It all starts with a plan -- Pin Selection
Pin
PRU Bit
Robotics Cape
Motor Cape
P8_15
15
Enc 4B
--
P8_16
14
Enc 4A
M2 Dir
P9_25
7
IMU
--
The Robot Control Library expects the fourth encoder to show up on P8_15 and P8_16, but the
Motor Cape has P8_16 wired as a direction signal. There are only 12 pins than be configured
as inputs to PRU0 and I eventually selected P9_25 because I did not need the IMU functionality.
The best reference I found for what pins can be used for what purposes were these pdfs:
https://ofitselfso.com/BeagleNotes/BeagleboneBlackP8HeaderPinMuxModes.pdf
https://ofitselfso.com/BeagleNotes/BeagleboneBlackP9HeaderPinMuxModes.pdf
The Easy Part -- Modifying the PRU Code
The Robot Control Library defines the encoder signal input bits in pru_firmware/src/pur0-encoder.asm as
; Encoder counting definitions
; these pin definitions are specific to SD-101D Robotics Cape
.asg r0, OLD ; keep last known values of chA and B in memory
.asg r1, EXOR ; place to store the XOR of old with new AB vals
.asg 14, A
.asg 15, B
This can be modified to look for the A channel on bit 7 (of register 31, which is used for all inputs) as
; Encoder counting definitions
; these pin definitions are specific to SD-101D Robotics Cape
.asg r0, OLD ; keep last known values of chA and B in memory
.asg r1, EXOR ; place to store the XOR of old with new AB vals
.asg 07, A
.asg 15, B
N.B. The PRU firmware has to be separately compiled by by running make and sudo make install
inside the pru_firmware directory. It is not compiled automatically as part as part of building the rest
of the library from the top-level Makefile.
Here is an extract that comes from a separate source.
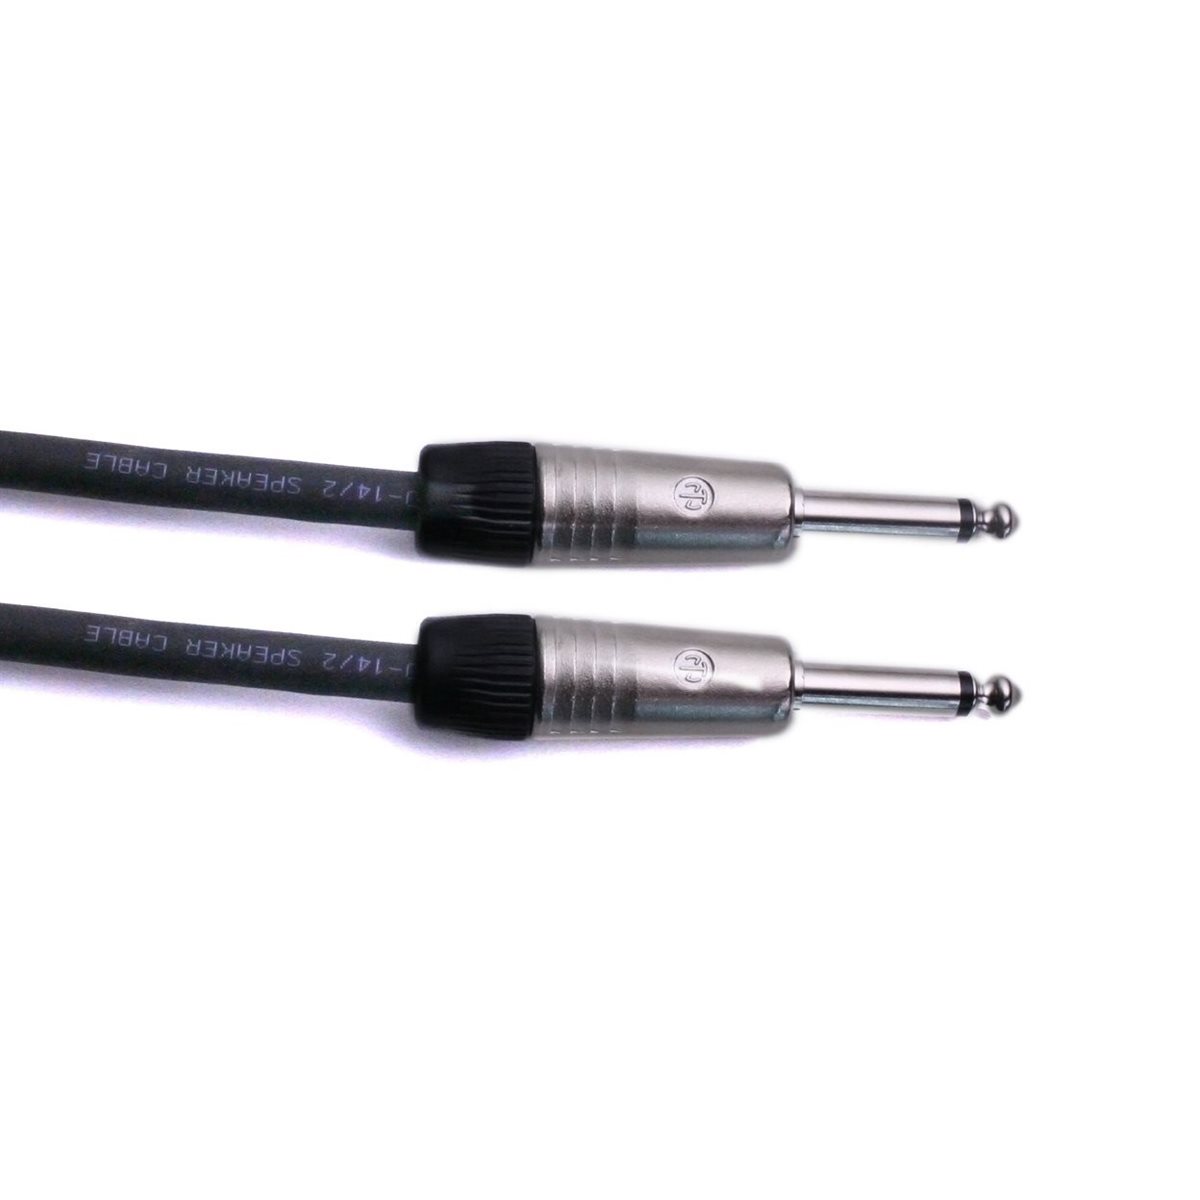 DIGIFLEX - NLSP Series 14 AWG Speaker Cables - 5''

Helpful Tip: What version am I actually running?
There are instructions on modifying the repored version of librobotcontrol in
library/version_updating_howto.txt. I followed these instructions to create my own
"private" version number so that I could confirm that I was actually running my modified
version of the libray. This version is reported by rc_test_drivers.
However... as noted above, the PRU firmware was not getting compiled by the top-level Makefile,
so for a while I was running my "new" version of librobotcontrol with "old" firmware in the PRU.
The Part that Almost Worked -- The Device Tree
I found references in both the documentation and code for librobotcontrol that device tree overlays
were no longer needed because the Robotics Cape used its own device tree.
The overlay is deprecated now, instead the cape gets its own complete device tree.
I also observed that running the recommended configure_robotics_dt.sh replaced /boot/uEnv.txt with
the following simplified version that loads a single device tree binary (.dtb)
uname_r=4.19.94-ti-r42
dtb=am335x-boneblack-roboticscape.dtb
cmdline=coherent_pool=1M
My favorite reference that I found for general information about the device tree, pinmux, etc was
http://www.ofitselfso.com/BeagleNotes/AboutTheDeviceTree.pdf However, I now realize that some of the
details are a bit out of date, so be careful.
Because I had very little idea of where else to start, I set out to modify the robotics cape device tree
just enough to eliminate the conflicts with the Motor Cape. I forked and cloned
https://github.com/beagleboard/BeagleBoard-DeviceTrees and created two new files
am335x-boneblack-custom.dts
copy of am335x-boneblack-roboticscape.dts
changed model to make the new device tree recognizable
changed #include to point to am335x-custom.dtsi instead of am335x-roboticscape.dtsi
am335x-custom.dtsi
copy of am335x-roboticscape.dtsi
deleted a whole bunch of stuff I thought I didn't need anymore
routed P9_25 (instead of P8_16) to PRU0
Before
/* PRU encoder input */
0x03c 0x36 /* P8_15,PRU0_r31_15,MODE6 */
0x038 0x36 /* P8_16,PRU0_r31_14,MODE6 */
After
/* PRU encoder input */
0x03c 0x36 /* P8_15,PRU0_r31_15,MODE6 */
0x1ac 0x36 /* P9_25,PRU0_r31_7,MODE6 */
After compiling and installing the modified device trees (make, sudo make install in the
BeagleBoard-DeviceTrees repo), I modified /boot/uEnv.txt to call my new custom device tree
uname_r=4.19.94-ti-r42
dtb=am335x-boneblack-custom.dtb
cmdline=coherent_pool=1M
I was able to boot the BeagleBone with no cape installed, plug encoders directly into the desired pins
on P8_and P9 (including enc4a on P9_25) and read all four encoders using sudo rc_test_encoders.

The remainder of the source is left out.